• PROBLEM DESCRIPTION:
Print the lines below from the line with "项目管理班子岗位责任制度汇编.doc" to the line with "golf europameisterschaft jungen" exactly, keeping both ends, and print no pictures.
DATA SHOWN section start
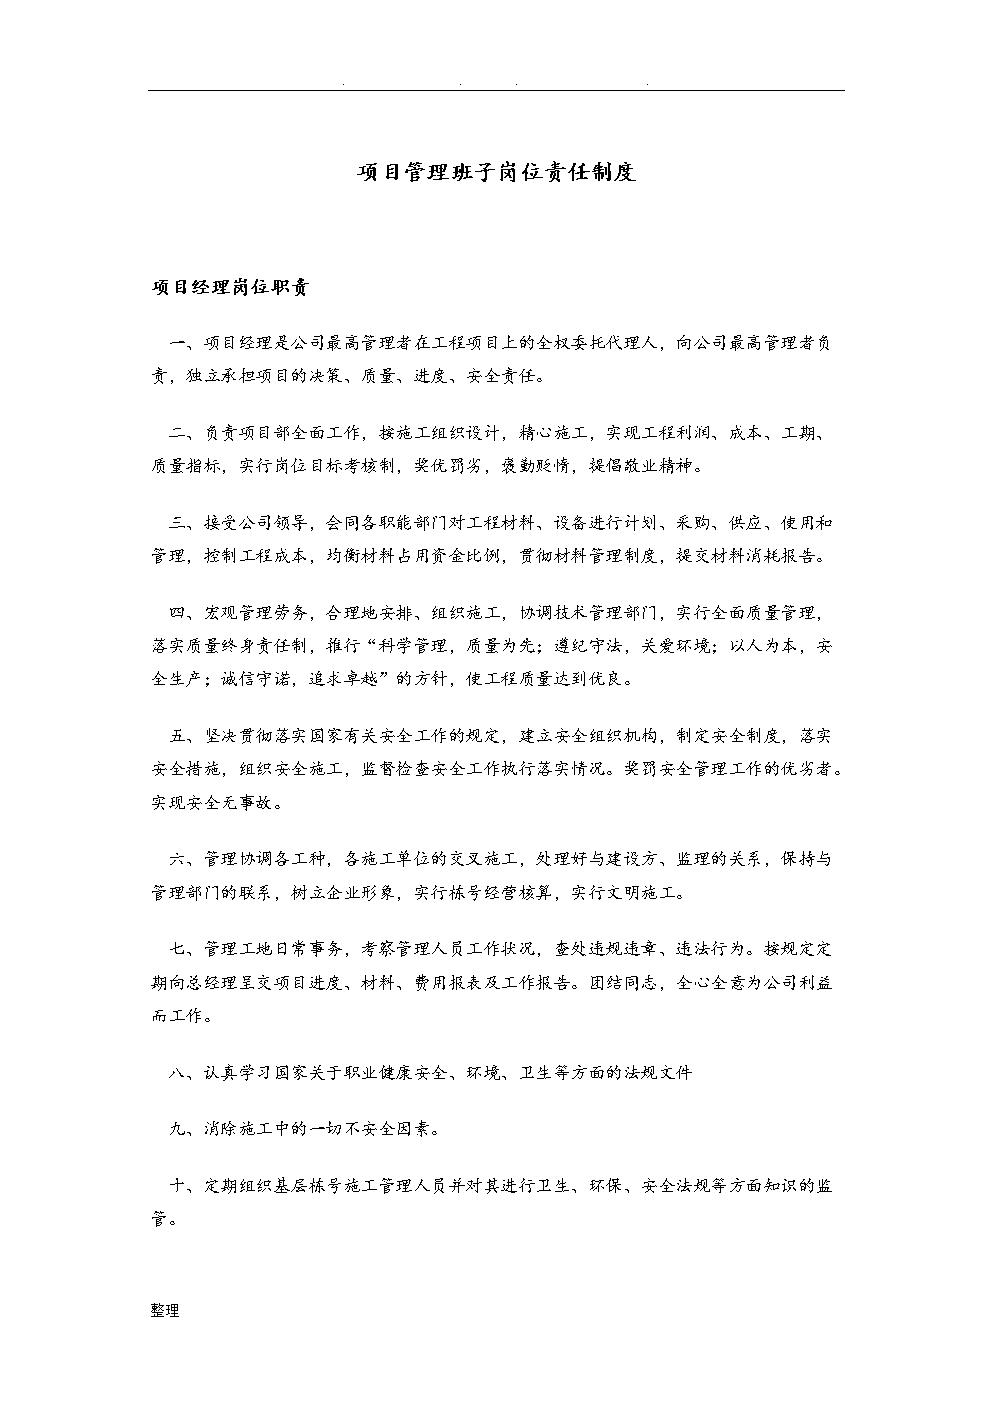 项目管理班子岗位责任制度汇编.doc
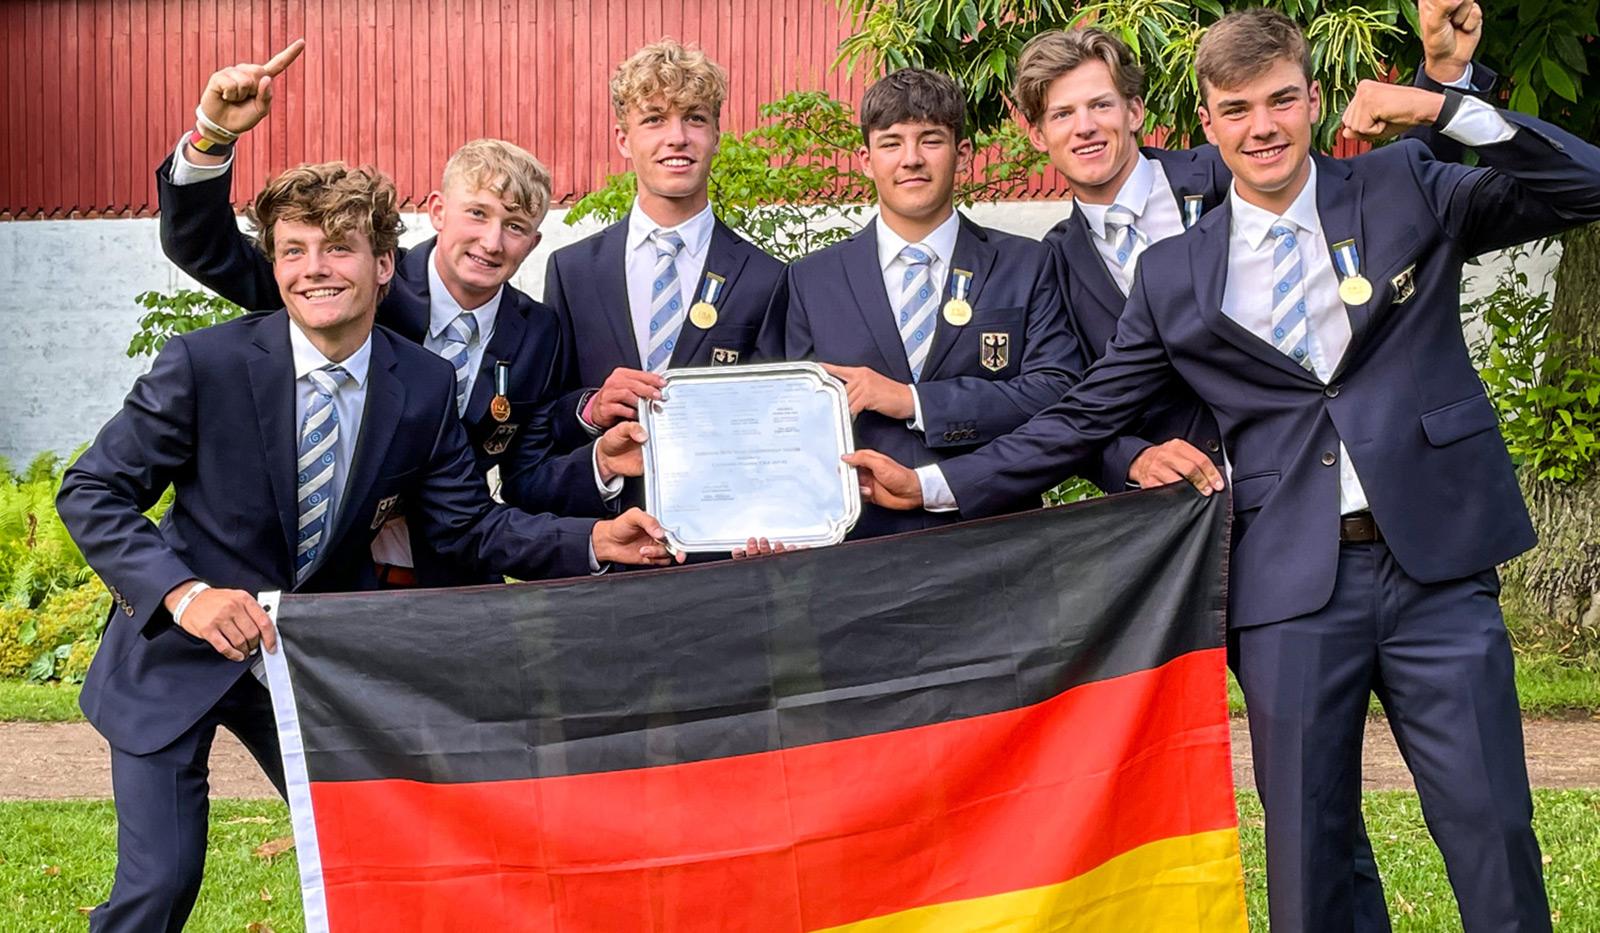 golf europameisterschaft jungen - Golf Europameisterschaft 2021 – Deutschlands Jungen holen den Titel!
DATA SHOWN section end
DATA SHOWN section start
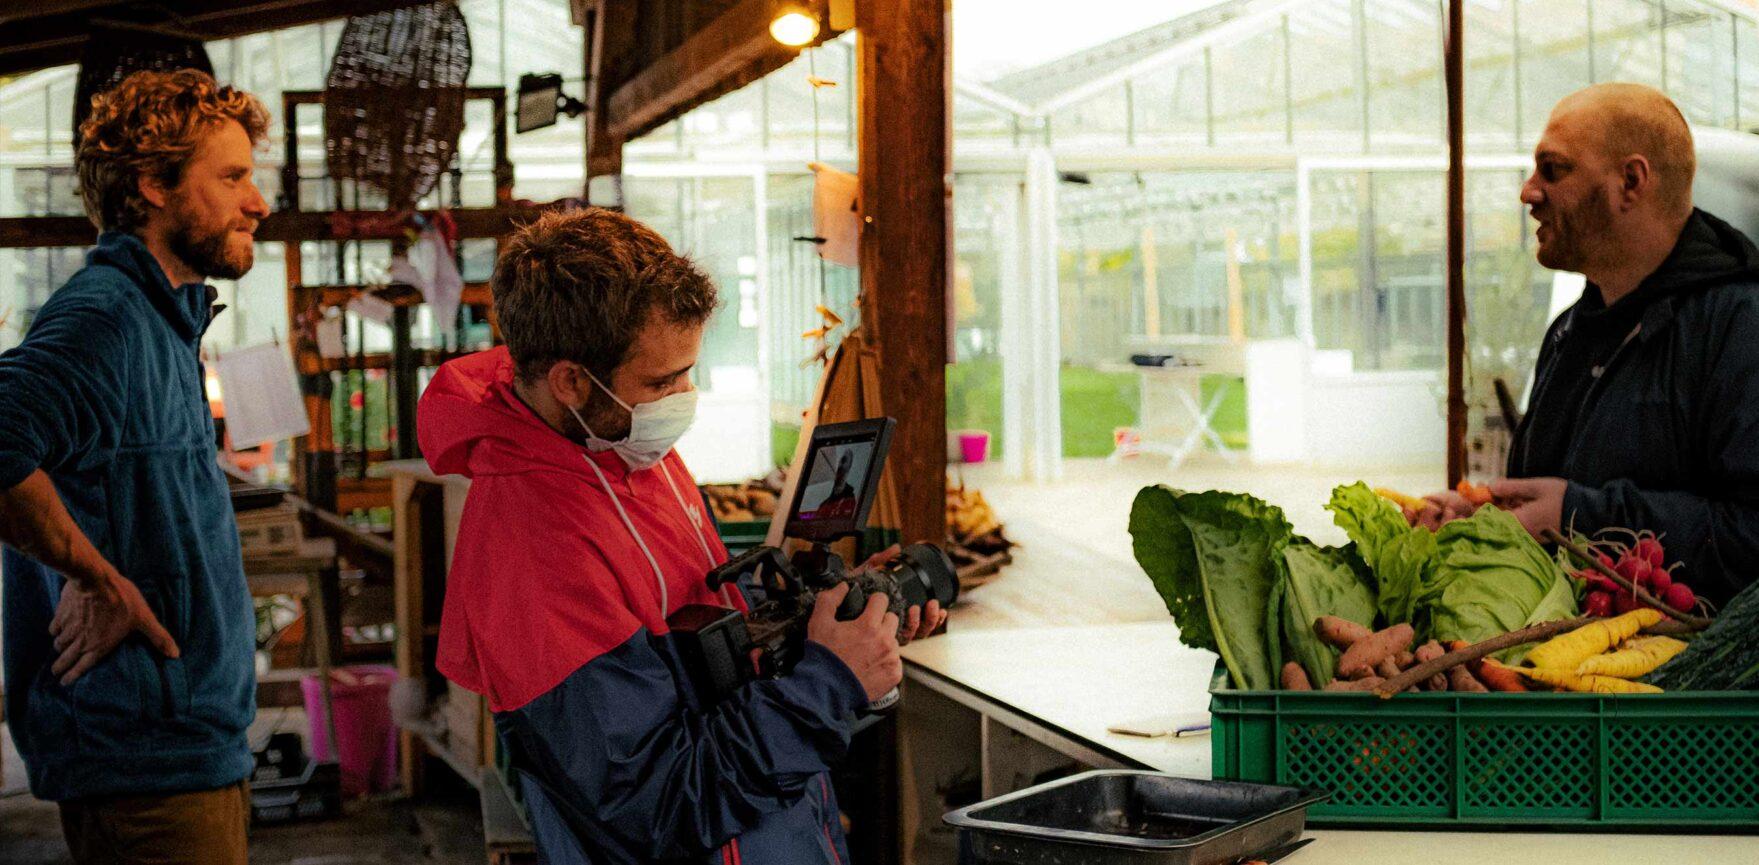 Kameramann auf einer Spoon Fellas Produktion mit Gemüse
DATA SHOWN section end
• RESPONSE TO THIS EXERCISE:
 项目管理班子岗位责任制度汇编.doc
 golf europameisterschaft jungen - Golf Europameisterschaft 2021 – Deutschlands Jungen holen den Titel!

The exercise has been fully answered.